I think you need to separate two kinds of "cash value": the kind that comes from gaining rhetorical leverage in a partisan dispute, and the kind that comes from understanding the intellectual origins of a political movement so that you can develop useful long-term strategies. You're battling the Bushies about the former, and I'm trying to tease out the latter.
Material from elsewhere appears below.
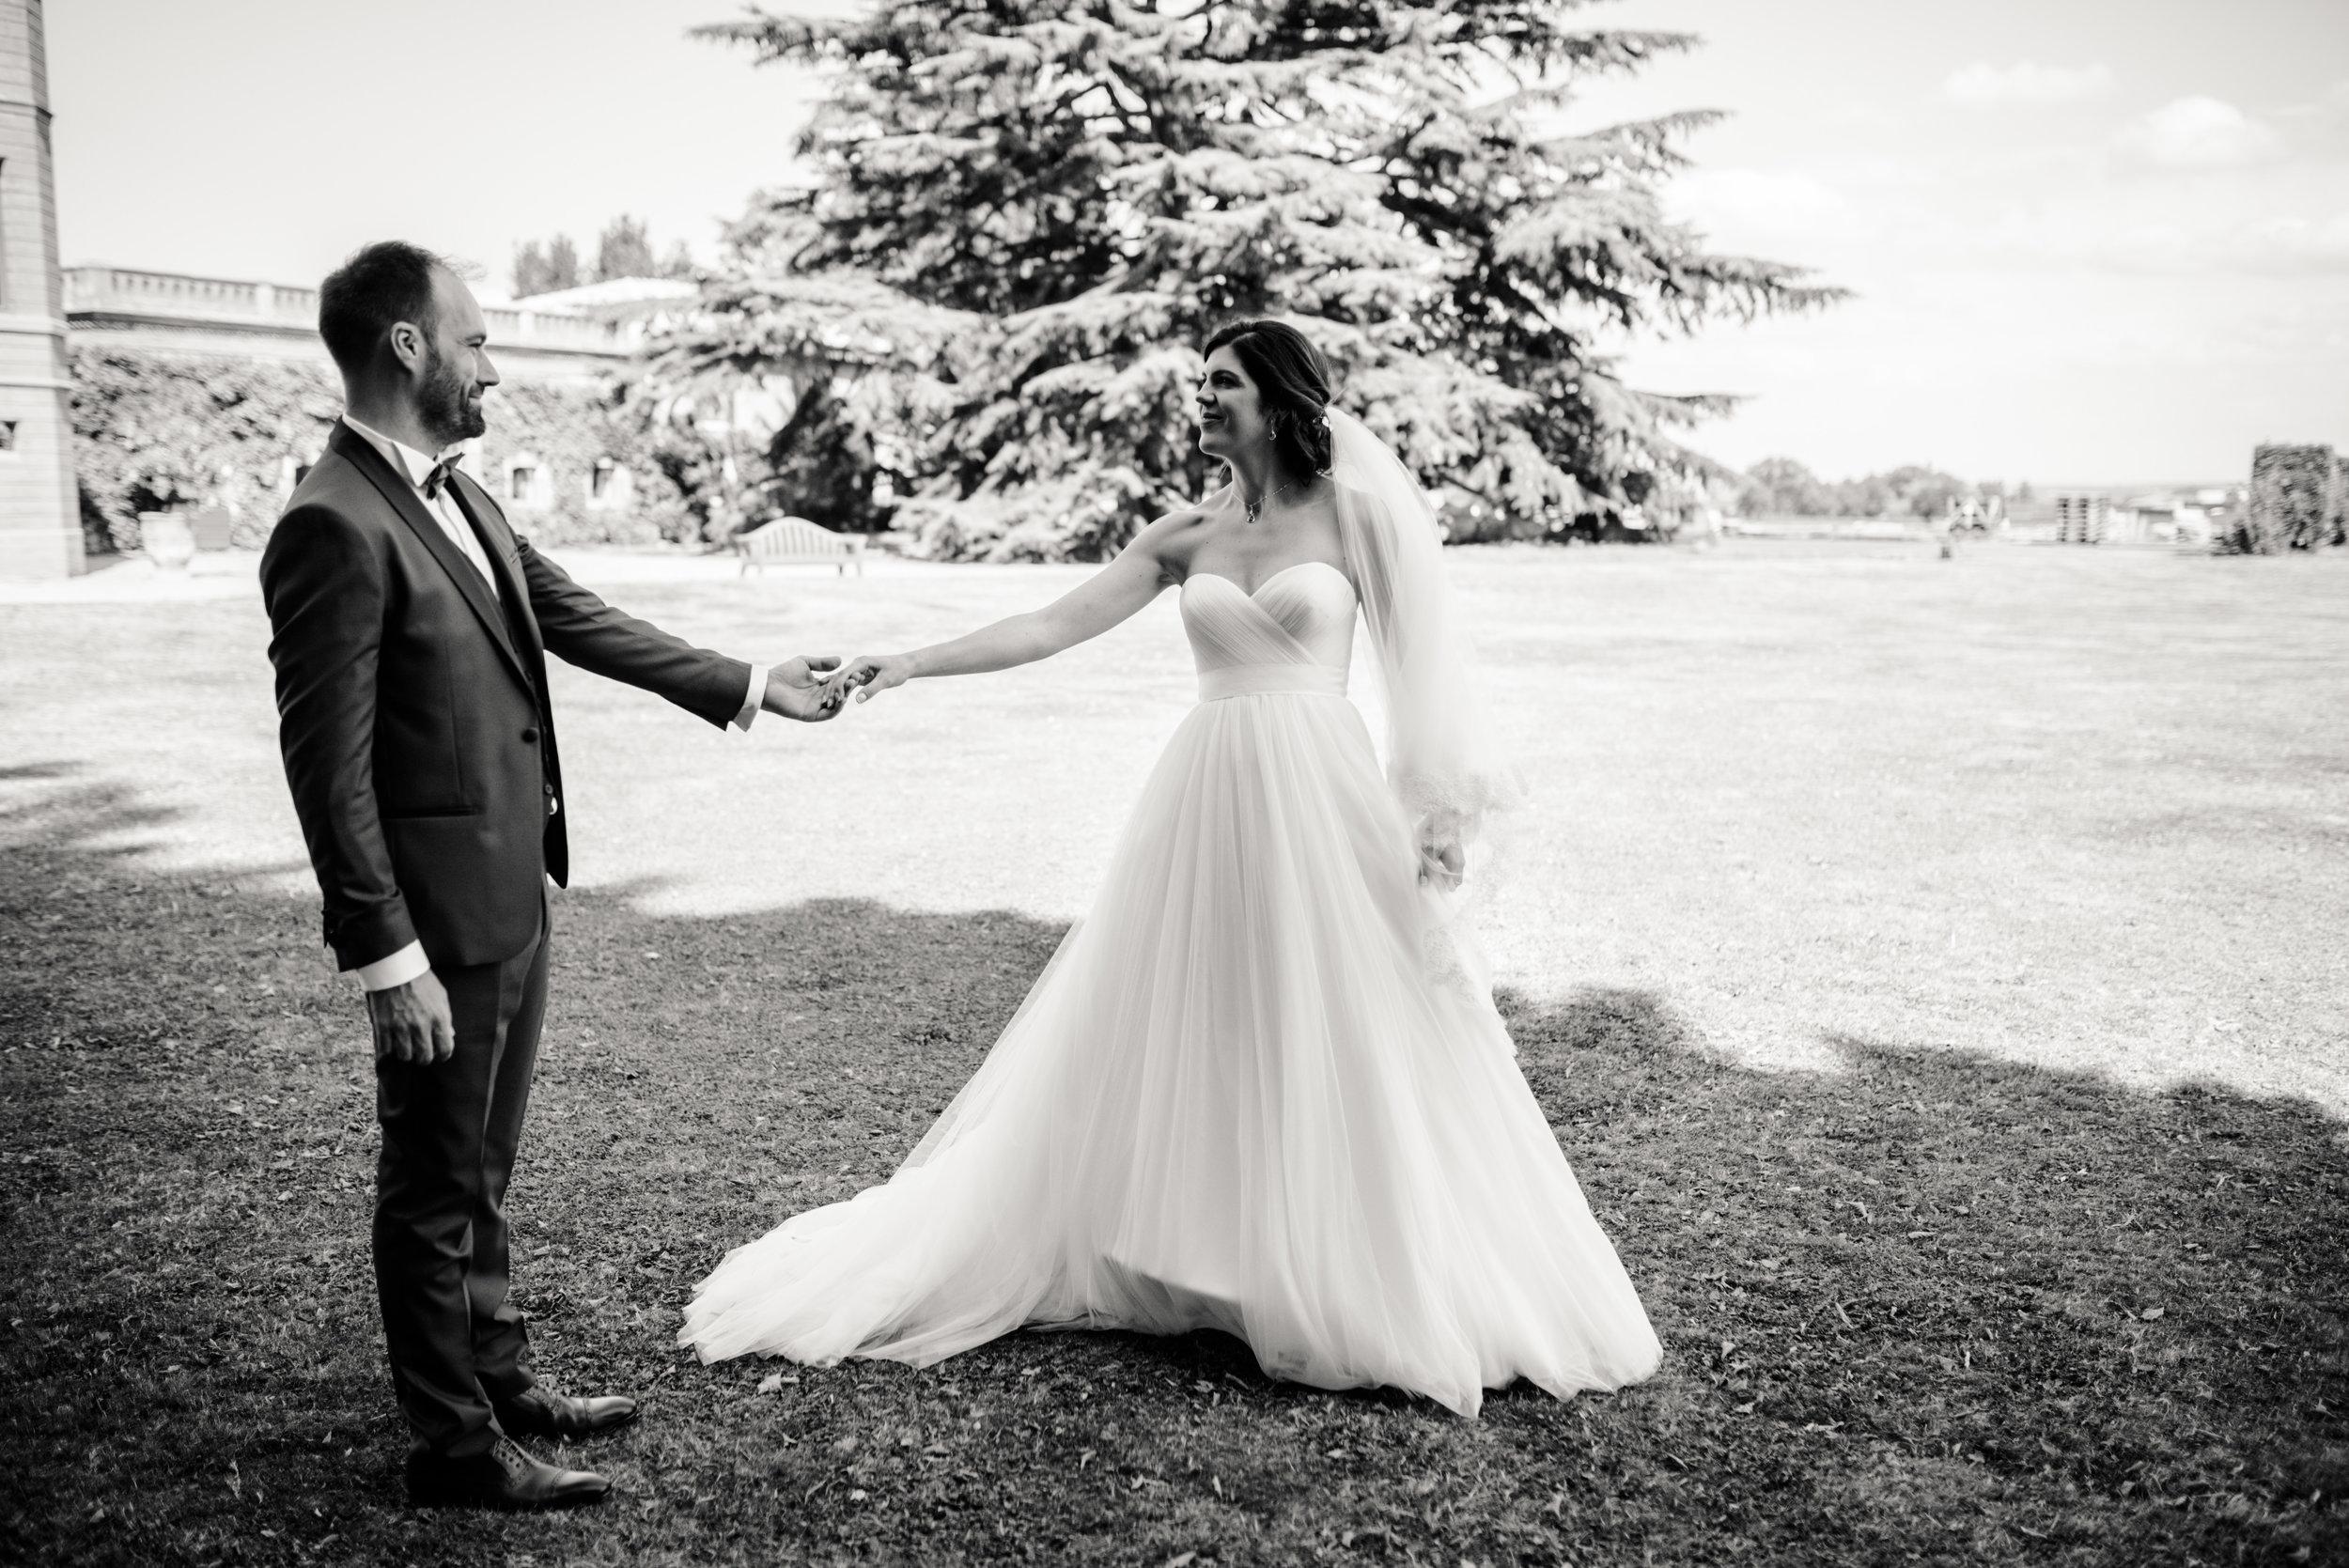 Léa-Fery-photographe-professionnel-lyon-rhone-alpes-portrait-creation-mariage-evenement-evenementiel-famille-7809.jpg

So let me make a couple of points about the more academic value I find in making this link. First, I think that understanding this connection is a useful corrective for a lot of liberals who are otherwise complacent about right-wing radicalism in the Middle East. There's a faction of the multiculti, PC left who like to say that we should acknowledge the equality and dignity of all political cultures, and simply rally to the cause of those that are oppressed without placing our inherently biased (and possibly racist) western judgments on those cultures. In the same way that we shouldn't judge "ebonics" education as long as its an authentic display of black cultural distinctness, we shouldn't judge the Palestinains when they, say, engage in suicide bombing. Don't laugh. I've had actual arguments with colleagues over this stuff. I don't think this is a dominant sentiment in the Dem Party, or that it's shared by many (if ANY) Dems in office, but it is quite common in the academic world, and it is a cancerous attitude. Of course, Bush demagoguery makes this problem worse, not better, as the lefties just dig in their heels even more. Unfortunately, this means that a lot of liberals are overly sanguine about how exactly these Islamists will behave once they can actually govern.
Second, I think that understanding Islamic radicalism as a variant of European fascism (as I would argue that the American "conservative" movement ALSO is), should help us develop better strategies for dealing with the problem. Of course, you actually have to WANT to understand the problem, and not just want to use it as a partisan bludgeon. For example, we should recognize that fascism in Europe wasn't solely the result of charismatic leaders spouting a unifying ideology. That was a necessary but not sufficient condition for what happened in the 1930s and 40s. You also needed political and economic conditions that enabled such ideologues to attract a significant audience: economic devastation, wounded cultural pride, etc. In other words, exactly the same conditions that Bush policies seem to be CREATING in the Middle East. Not to mention idiotic ideas like racial profiling at airports. Recognizing that radical Islam is, in fact, modern and western SHOULD help us focus in more precisely on the real danger for us--which is the attractivenes of such doctrines among westernized Muslims, like those who have been causing so much trouble lately in Britain, France, and the Netherlands. Ironically, the best argument for NOT using the term "Islamofascist" is that it tends to alienate the very people who, given the premises of Islamofascist strategizing, we need least to alienate: the European and American Muslim communities. Which is exactly why we should avoid the kind of careless rhetoric to which the Bushies have treated us of late. And yet, the radical movements in today's M.E. are what they are, and we shouldn't hide from correct analytical judgments just because they might be misused by opportunistic politicians.